= REQUIRED ACTION =
All of the data below should be printed again exactly, pictures excluded.

= SUPPLIED DATA =
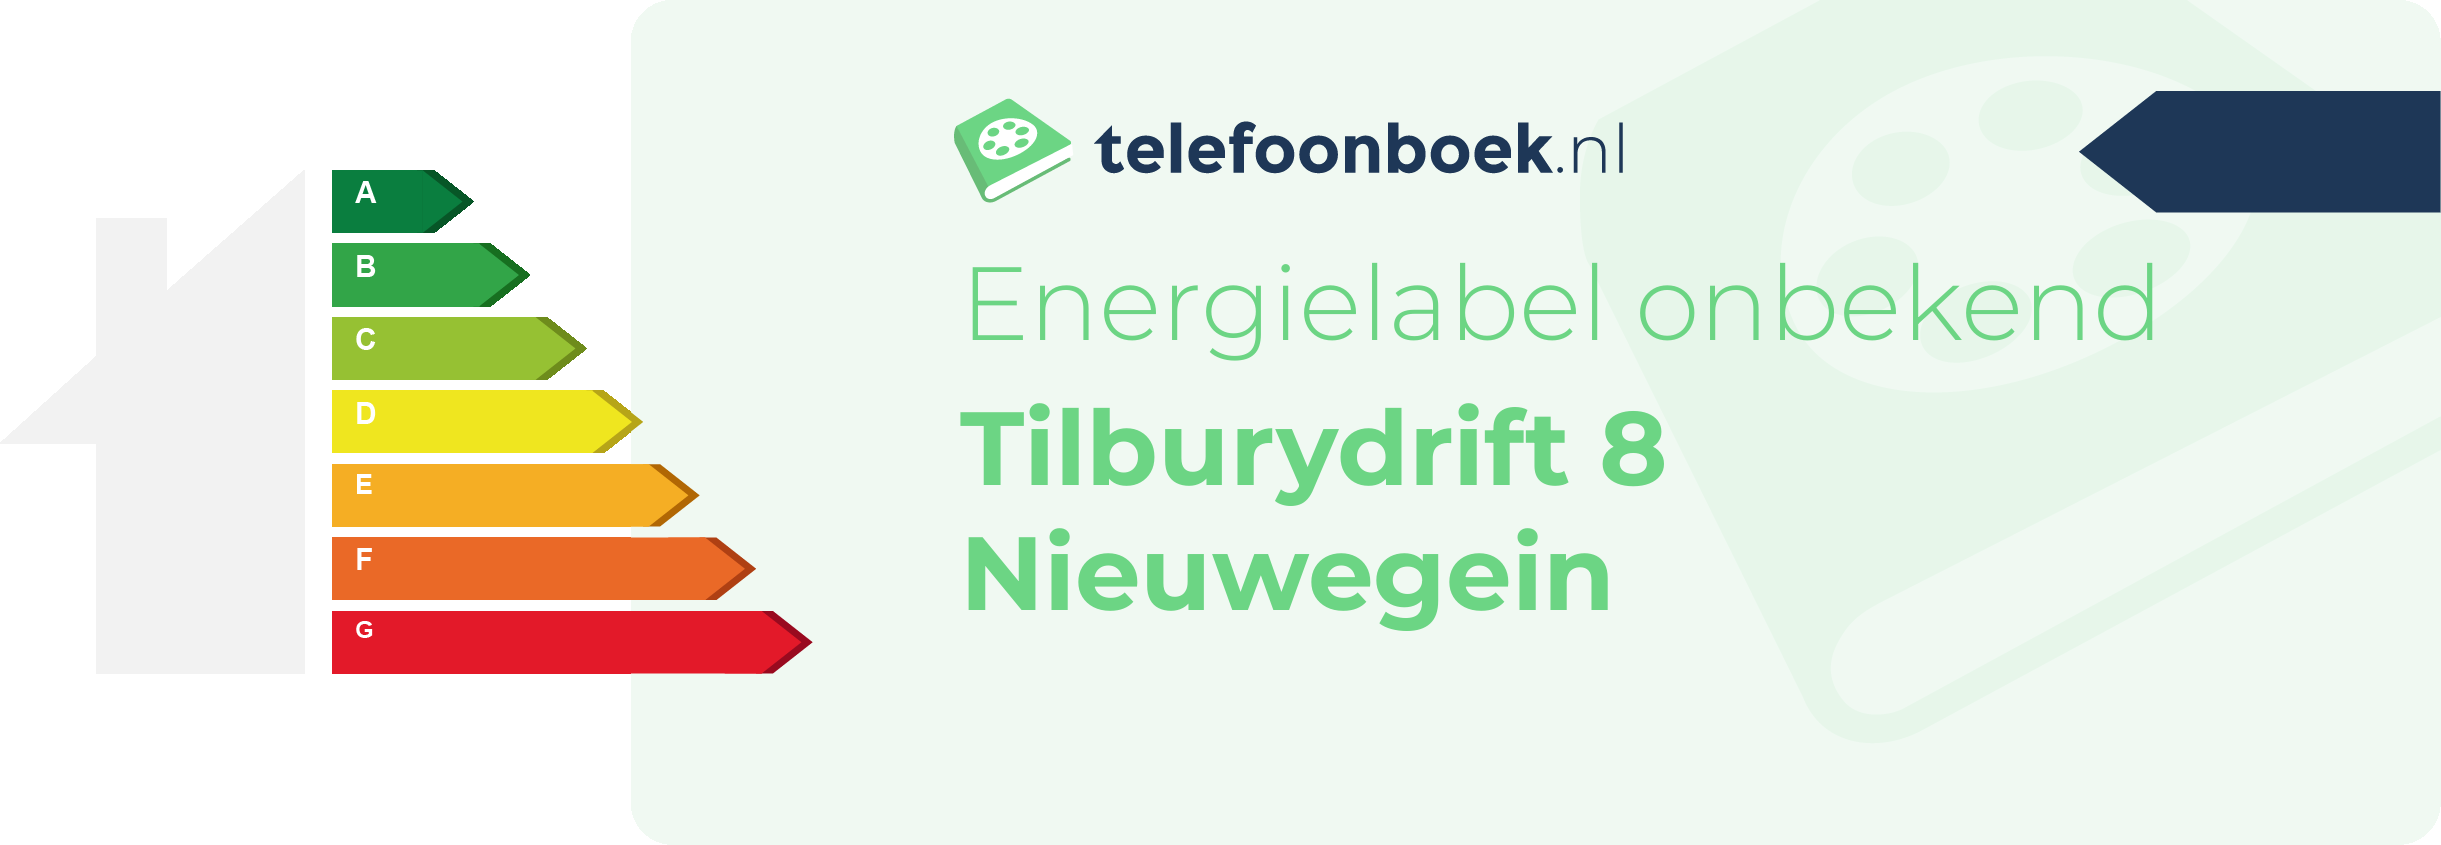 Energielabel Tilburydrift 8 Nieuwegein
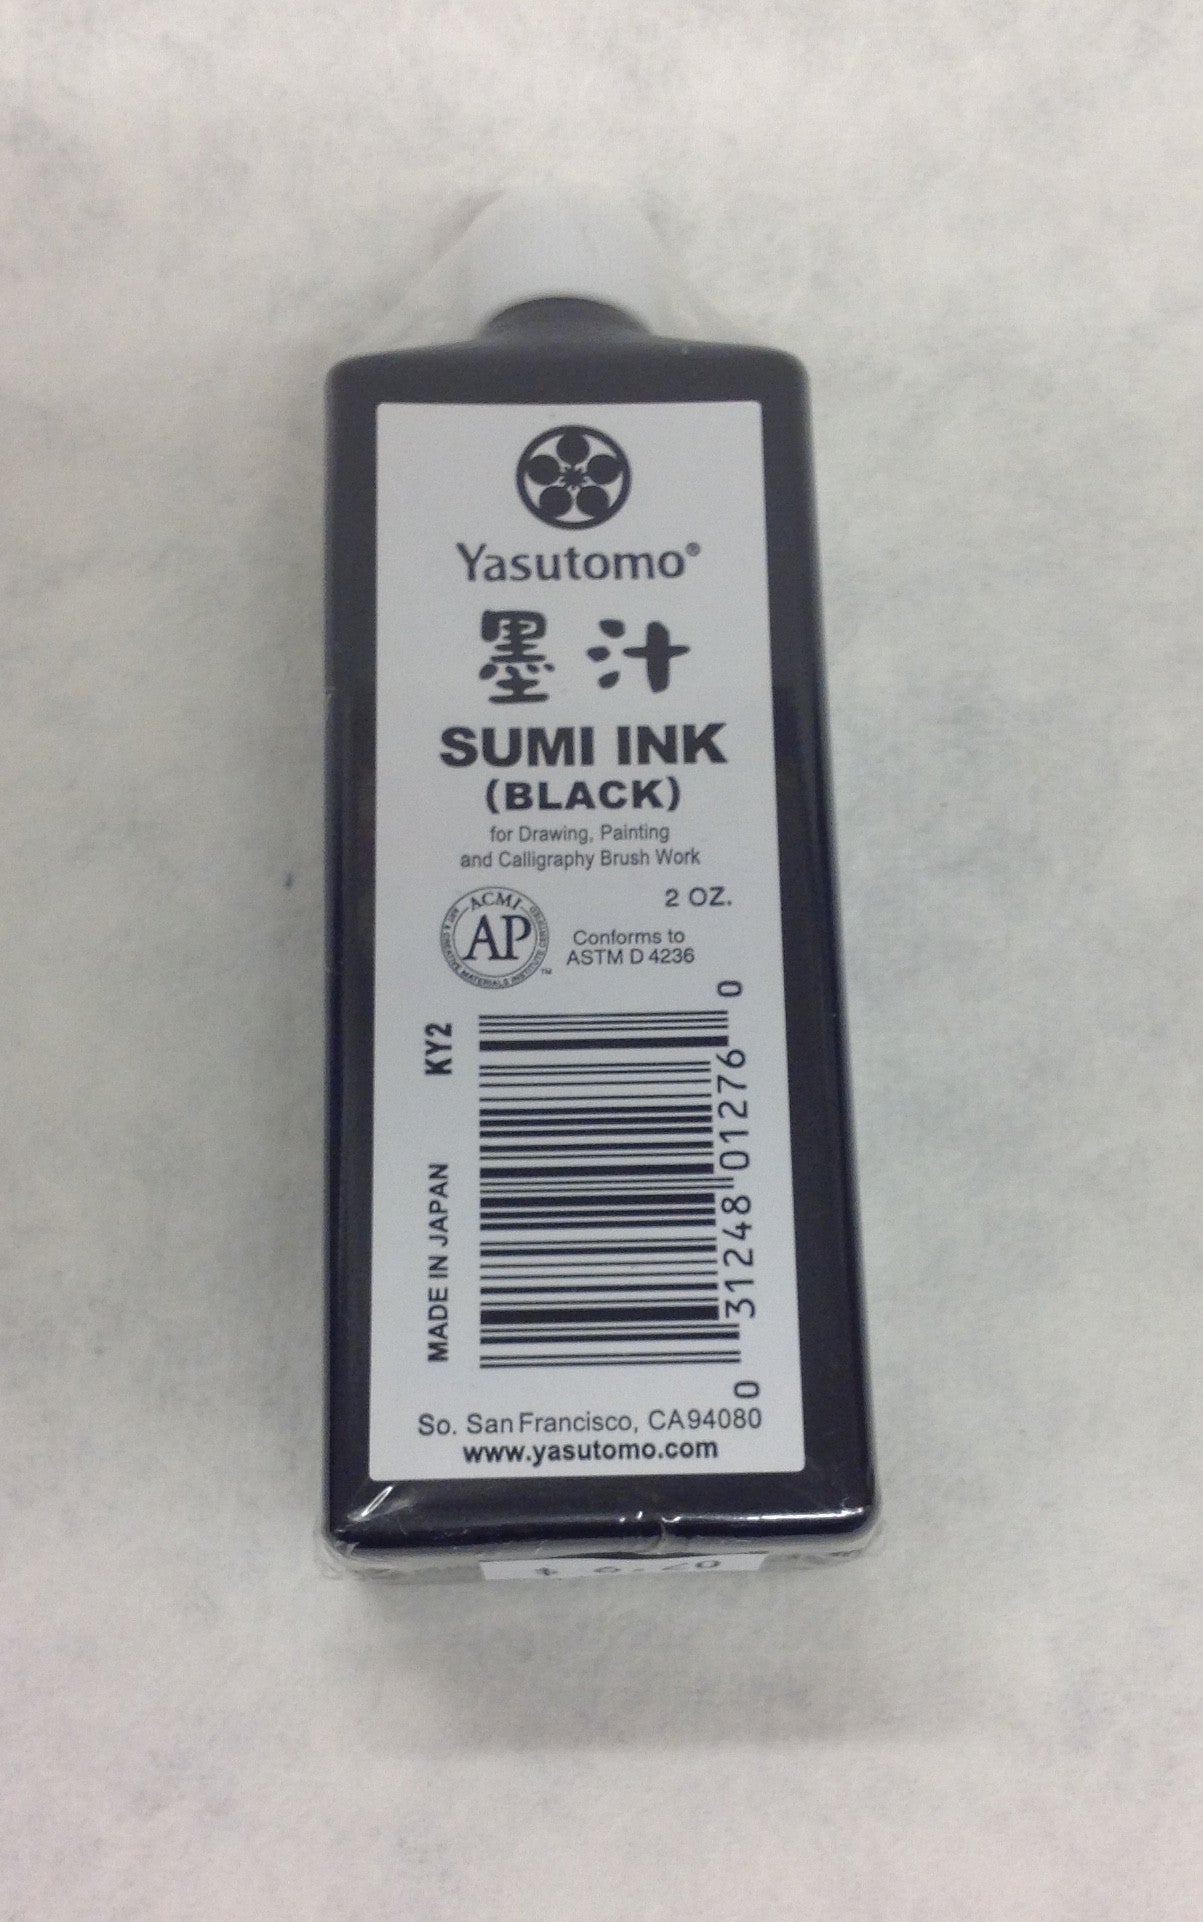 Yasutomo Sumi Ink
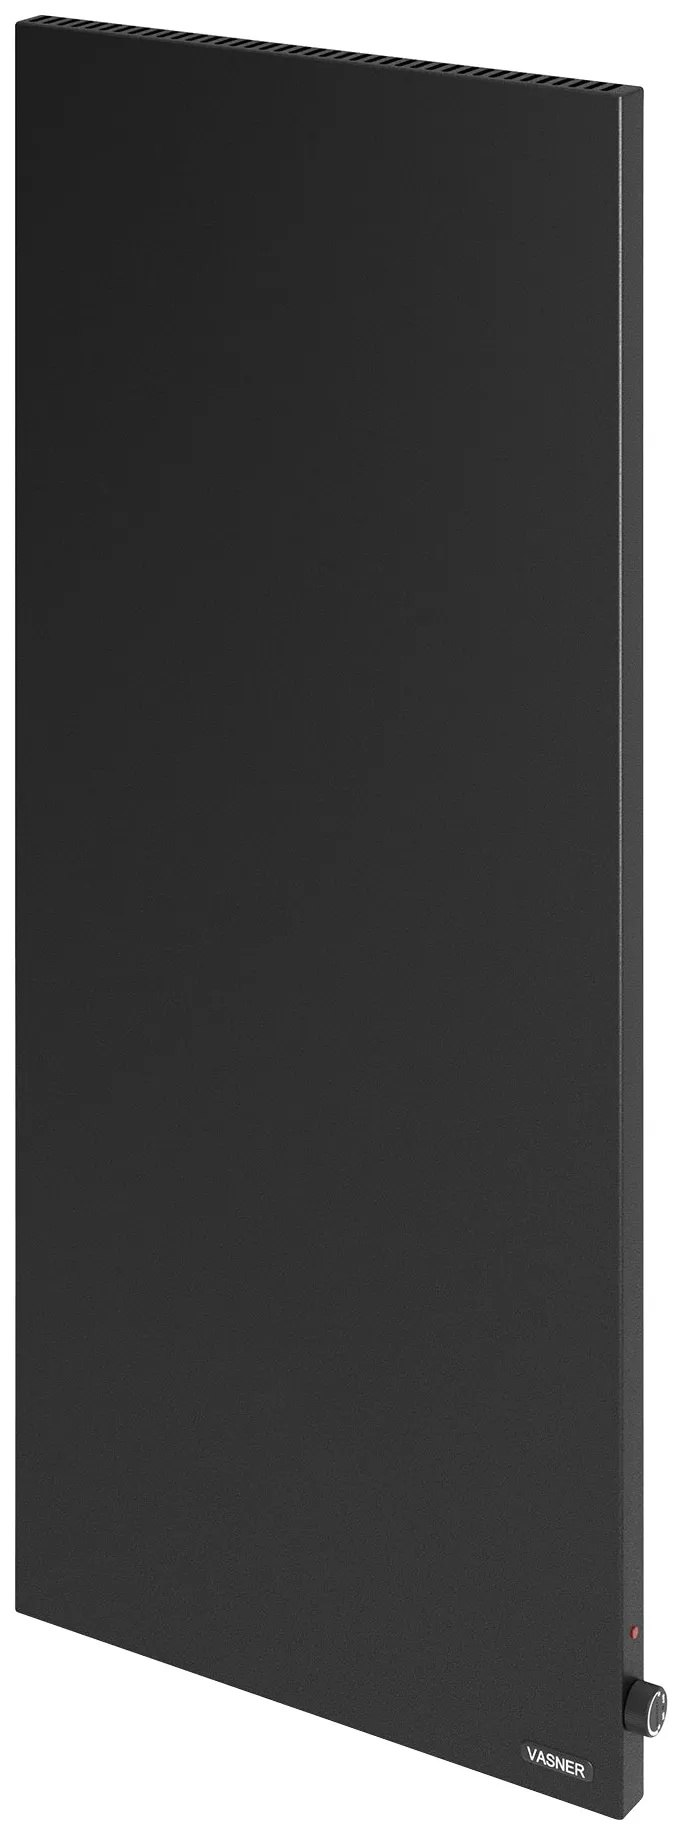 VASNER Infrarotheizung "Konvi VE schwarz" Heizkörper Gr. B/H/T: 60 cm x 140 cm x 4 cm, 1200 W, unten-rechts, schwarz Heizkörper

= EXERCISE ANSWER =
 Energielabel Tilburydrift 8 Nieuwegein
 Yasutomo Sumi Ink
 VASNER Infrarotheizung "Konvi VE schwarz" Heizkörper Gr. B/H/T: 60 cm x 140 cm x 4 cm, 1200 W, unten-rechts, schwarz Heizkörper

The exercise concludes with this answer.